De bepalingen van het besluit die door middel van het wetsvoorstel worden omgezet zijn noodzakelijk om het nationaal lid te benoemen als (tweede) plaatsvervangend hoofdofficier bij het landelijk parket. Vanwege de zwaarte van de taken van nationaal lid bij Eurojust, en mede in verband met het op die wijze realiseren van een directe en effectieve koppeling met, en inbedding in, de structuur van het openbaar ministerie is ervoor gekozen het nationaal lid het ambt van (tweede) plaatsvervangend hoofdofficier van justitie bij het landelijk parket te laten vervullen. In die hoedanigheid beschikt het nationaal lid vanwege het bepaalde in artikel 125a, eerste lid, van de Wet op de rechterlijke organisatie, over de bevoegdheden van een officier van justitie die zijn neergelegd in het Wetboek van Strafvordering. De betreffende bevoegdheden komen overeen met de aan het nationaal lid in het Eurojustbesluit toegekende (minimum-)bevoegdheden. Het landelijk parket bestrijdt (inter)nationaal georganiseerde misdaad. Het ligt derhalve voor de hand het nationaal lid daar onder te brengen.

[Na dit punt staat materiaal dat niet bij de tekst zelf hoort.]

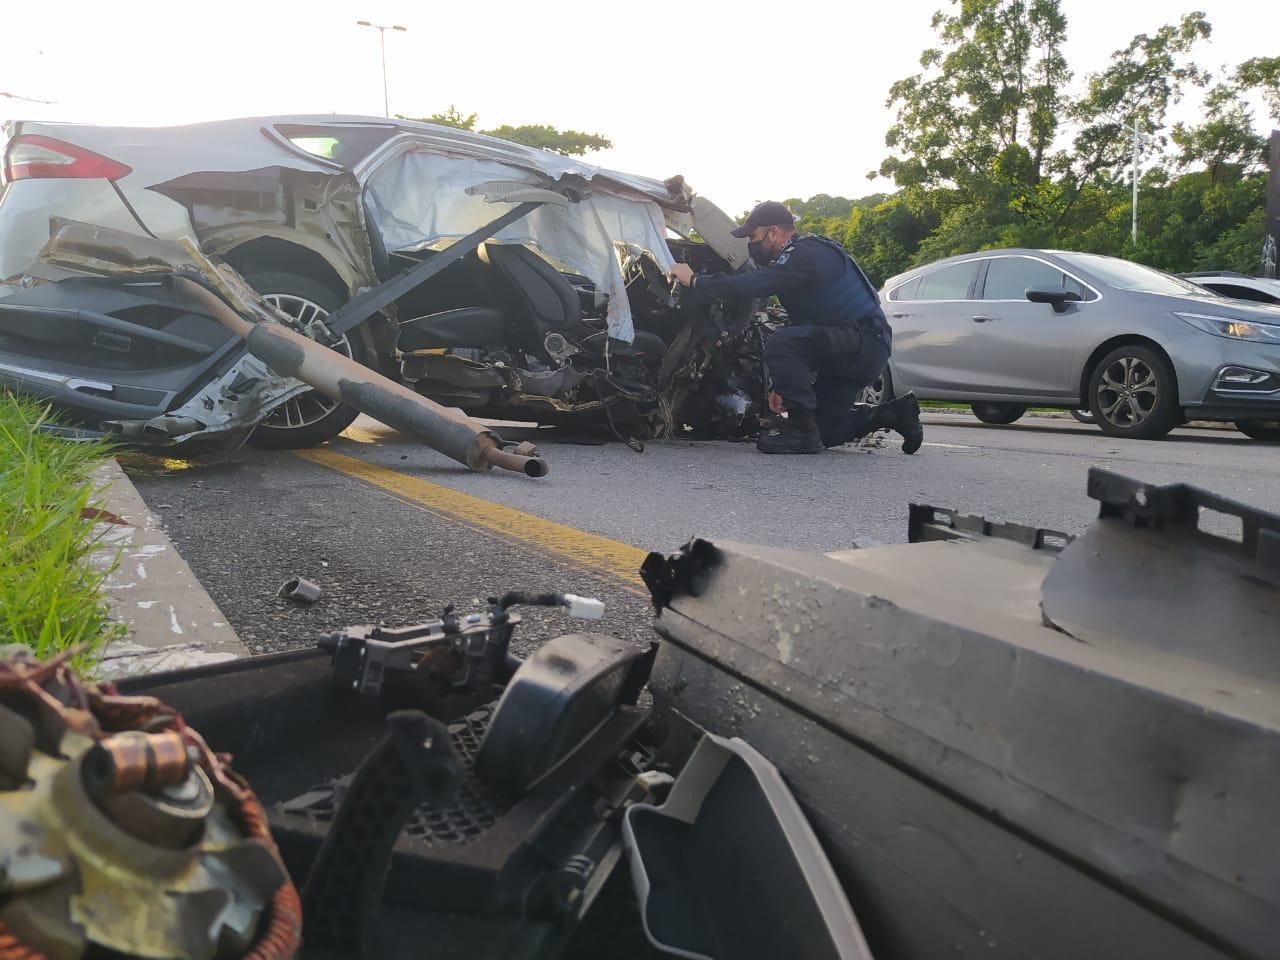 Carro fica destruído após colisão contra árvore na Avenida Beira-Mar, em Florianópolis; FOTOS

Voor verzoeken of advies van het nationaal lid is in bepaalde gevallen instemming nodig van de nationaal bevoegde autoriteit. Is het OM, onder verantwoordelijkheid van de minister van Veiligheid en Justitie, die nationaal bevoegde autoriteit? Wie houdt zich binnen het OM specifiek bezig met deze instemming?

Afhankelijk van de kwestie die voorligt, is er binnen de organisatie van het openbaar ministerie een bevoegde autoriteit. Op voorhand is niet te zeggen wie dat zal zijn, omdat die vraag erg afhankelijk is van de specifieke kwestie die dan voorligt. In de reeds eerder genoemde interne instructies binnen het openbaar ministerie zal uitgebreid aandacht worden besteed aan Eurojust, zodat voor eenieder binnen de organisatie van het openbaar ministerie duidelijk is dat het nationaal lid primair een coördinerende taak heeft. Die omstandigheid zorgt ervoor dat de bevoegde nationale autoriteiten op de hoogte worden gesteld van verzoeken afkomstig van Eurojust.

De leden van de SP-fractie constateren dat niet alleen het lid en het plaatsvervangend lid van Eurojust de hoedanigheid van openbaar aanklager, rechter of politiefunctionaris moet hebben, maar dat ditzelfde ook moet gelden voor de medewerker. Hoe is dat laatste in het voorliggende wetsvoorstel geïmplementeerd?

Op grond van het Eurojustbesluit dienen alleen het lid en het plaatsvervangend lid de hoedanigheid van openbaar aanklager, rechter of politiefunctionaris te hebben. Dat geldt alleen voor de medewerker indien de medewerker als vervanger van het nationale lid zou moeten kunnen optreden. Die keuze is aan de lidstaten overgelaten. Omdat de plaatsvervanger van het nationale lid de vaste vervanger is van het nationale lid, is daar niet voor gekozen.

De minister van Veiligheid en Justitie, I. W. Opstelten


X Noot
3

Zie bijvoorbeeld voor de conclusies van de JBZ-Raad over het Eurojust jaarverslag over 2010: http://www.consilium.europa.eu/uedocs/cms_data/docs/pressdata/en/jha/122499.pdf. Zie in dat verband ook de geannoteerde agenda voor de JBZ-Raad van 9-10 juni 2011, Kamerstukken II 2010/11, 32 317, nr. 57, p. 18.

X Noot
4

Stb. 2011, 490.

X Noot
5

Kamerstukken II 2010/11, 32 554, nr. 3.

X Noot
6

Kamerstukken II 2011/12, 32 317, nr. 80.